Anyway, for those who can go, go. For those who can’t, well, at least there are some pictures.

Crystal Palace mammals

My final Crystal Palace post and this time covering the various extinct mammals on display. To be honest, I simply didn’t know these were represented so they were a rather pleasant surprise. Above we see the rather tapir-like Palaeothrium and below we have successively a rather trunk-snouted Megatherium, a group of Anoplotherium, and finally the ‘Irish Elk’ Megaloceros. All except the Megatherium were represented by multiple models which was nice and gave the impression of real groups of animals where the others were rather just laid out on the island. I should also add that the mammals are rather off to the side in their own little section which helps to provide some metaphorical distance from the dinosaurs as well as some real separation.

Whale evolution series

Yes it’s time for some more “stinkin’ mammals”, though in my defence I generally keep the place pretty synapsid-free. Anyway, one of the truly great transitional series in palaeontology is the origin of whales. It’s not a surprise really, they are relatively big and recent animals that hung around in water, all things that help fossilisation. Combined with their nicely diagnostic anatomy and the public’s general affection for cetaceans, this makes them a superb example of a major transition (here from land to water, obviously) as well as making the origin and radiation of an important clade. I’ve used it in my lectures and it seems to be a particularly popular subject with the students.

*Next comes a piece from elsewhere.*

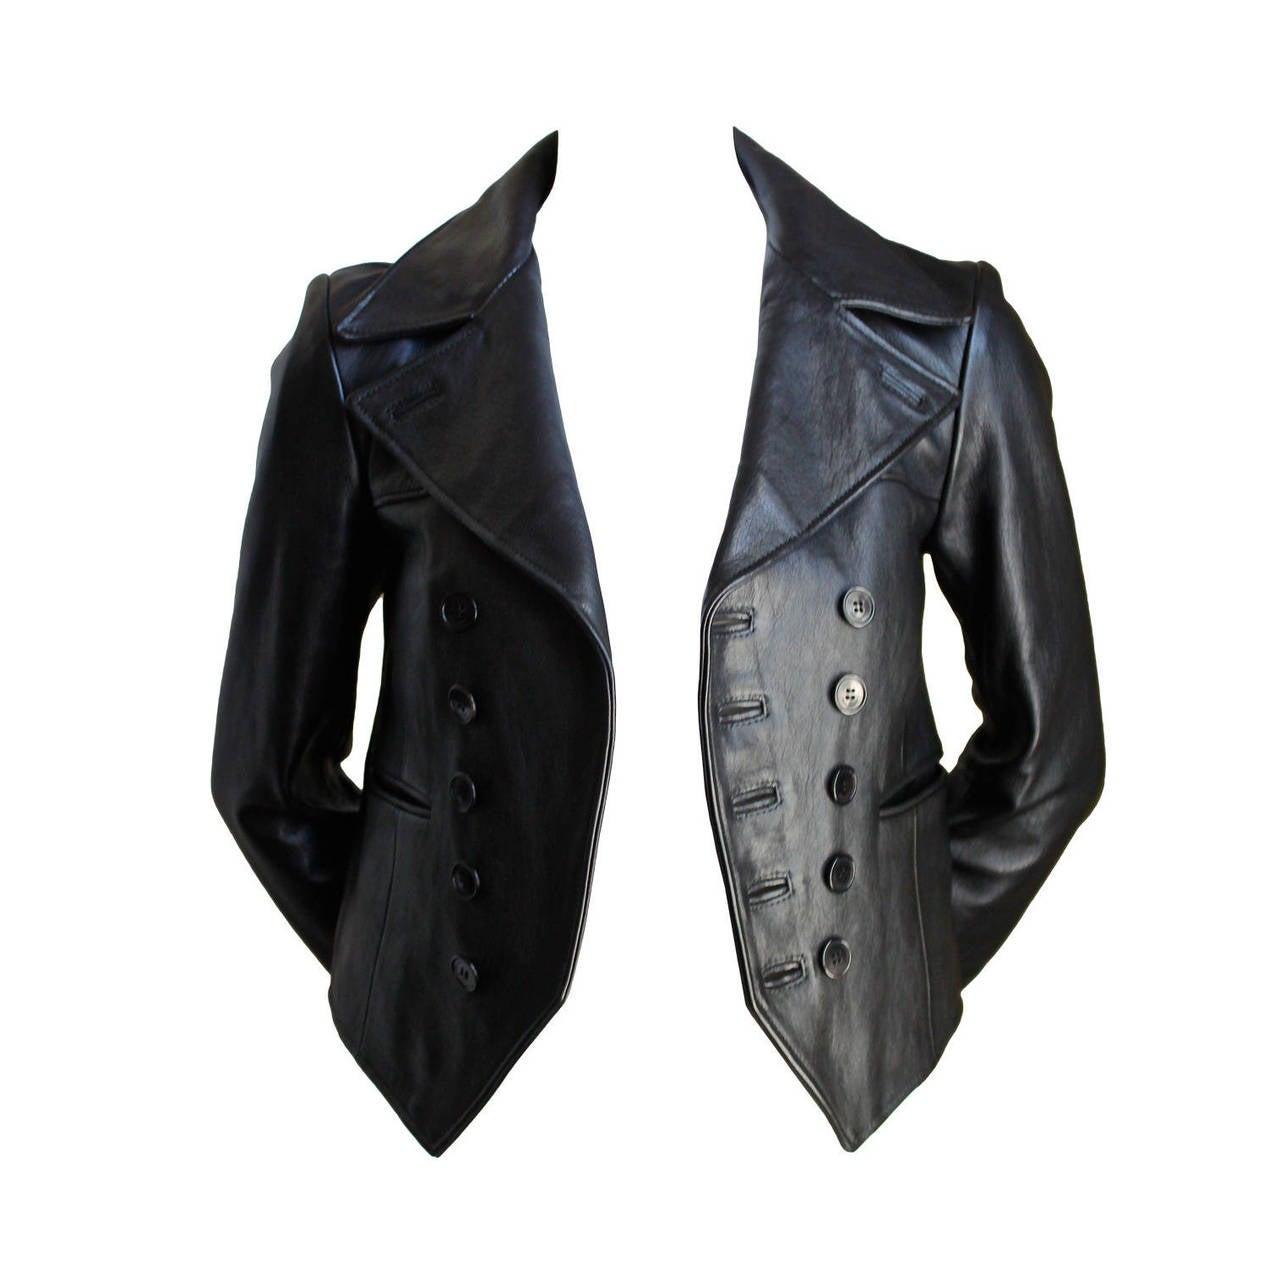 HEDI SLIMANE for SAINT LAURENT  black leather runway leather jacket - NEW 1
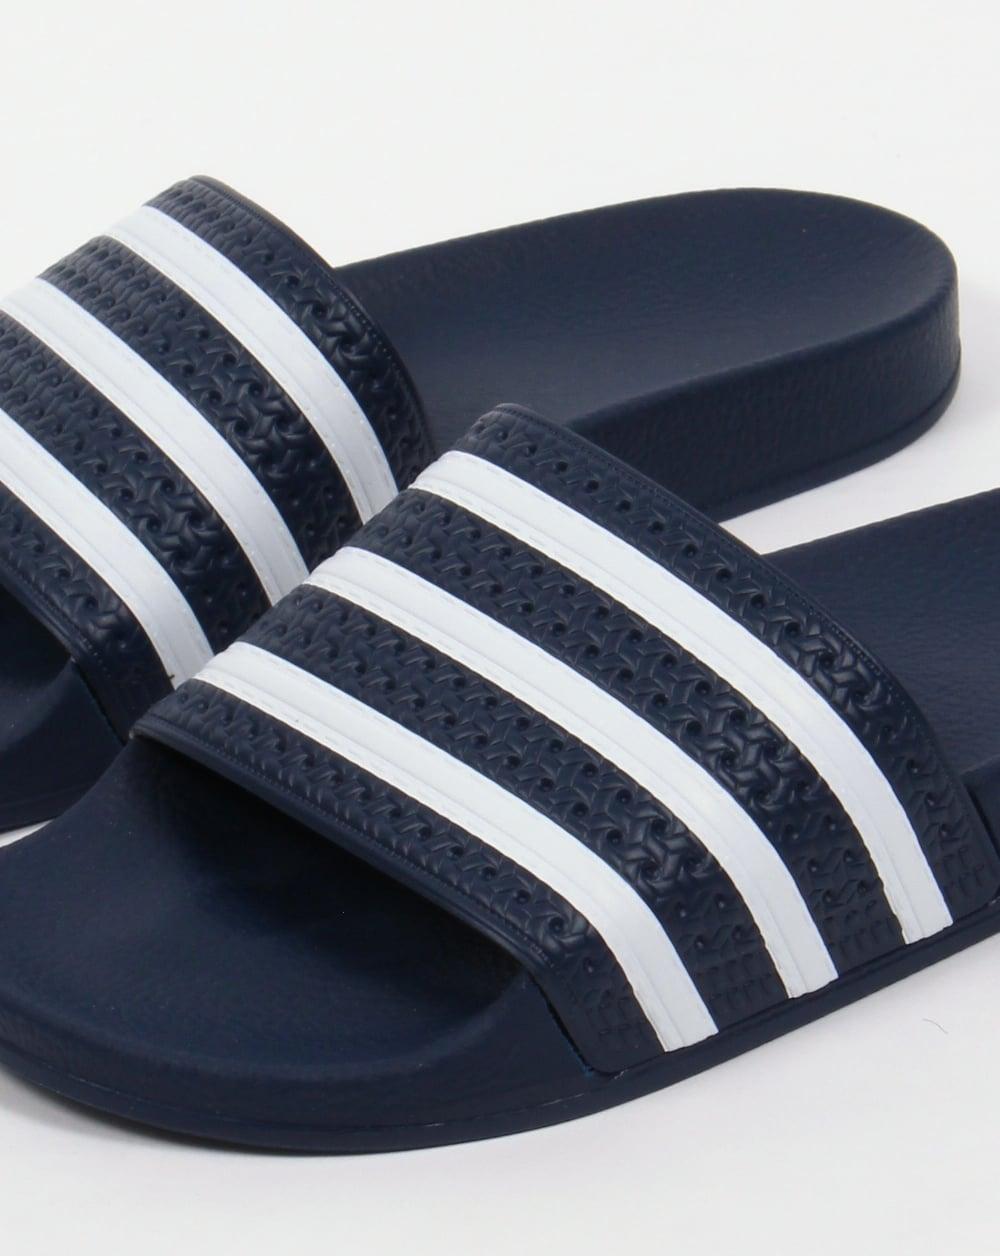 Adidas Adilette Slides Navy/White

Among other things, the aquatic section of the ‘history of life’ room in Toyko houses a magnificent collection of casts of various stem whales. From Ambulocetus, Pakicetus and Basilosaurus (and indeed others) there is a lovely and clear pattern of the shape of the skull and teeth changing and the back elongates, and the hindlimbs atrophy. Put together, it’s a great series and I spent some time photographing as much of it as possible for my lecture notes. I’ll be able to make better use of this in the future thanks to such a great set-up.

Kutchicetus

Kutchicetus skull

Ambulocetus

Ambulocetus skull

Pakicetus

Pakicetus skull

Durodon

Durodon skull

Durodon hindlimbs

Basilosaurus

Basilosaurus skull

Platypus eggs

OK so it’s not even close to being an archosaur, but these are too cool not to do a post about. Yet another specimen from the Oxford Museum, these are a set of eggs from a platypus. It is one thing to intellectually know that a species does something, but it is always nice to see that evidence in the flesh (or in the egg). I was genuinely excited to see these and since I’m currently lecturing about mammalian reproductive systems, it seemed too good an opportunity to miss not to post this up.

Mythbusting

There are plenty of myths out there in science – things that persist in the public imagination long after science has moved past or shown them to be inaccurate. As such, researchers tend to be a bit careful about taking things for granted that they think they know when the source might not be entirely accurate. Even so, we are only human and it is natural that everyone has a couple of false-facts in their repertoire that require someone come along and pop every so often. This is one of my favourites that has actually come up in discussion with colleagues more than one to their incredulity. The aye-aye, does not have a long 3rd digit in the hand.

Ok, so all the fingers of the aye-aye are very long, but while most people (who know a bit about aye-ayes) seem to know that the 3rd finger is the specialised thin finger used to extract grubs from trees and the flesh from coconuts, many think it is the longest in the hand, putting it at odds with other primates. Not so. This idea is surprisingly persistent and I’ve had to furnish photographic proof to more than one colleague about this.

Happily, I was able to get a nice photo of an aye-aye skeleton here in Dublin. They could be better and the hand is mounted gripping a branch, but hopefully it is clear the third finger is quite simply not longer than the fourth. Simple proof of a very simple point. Still, it hopefully serves as a bit of a warning to others not to take ‘common knowledge’ for granted.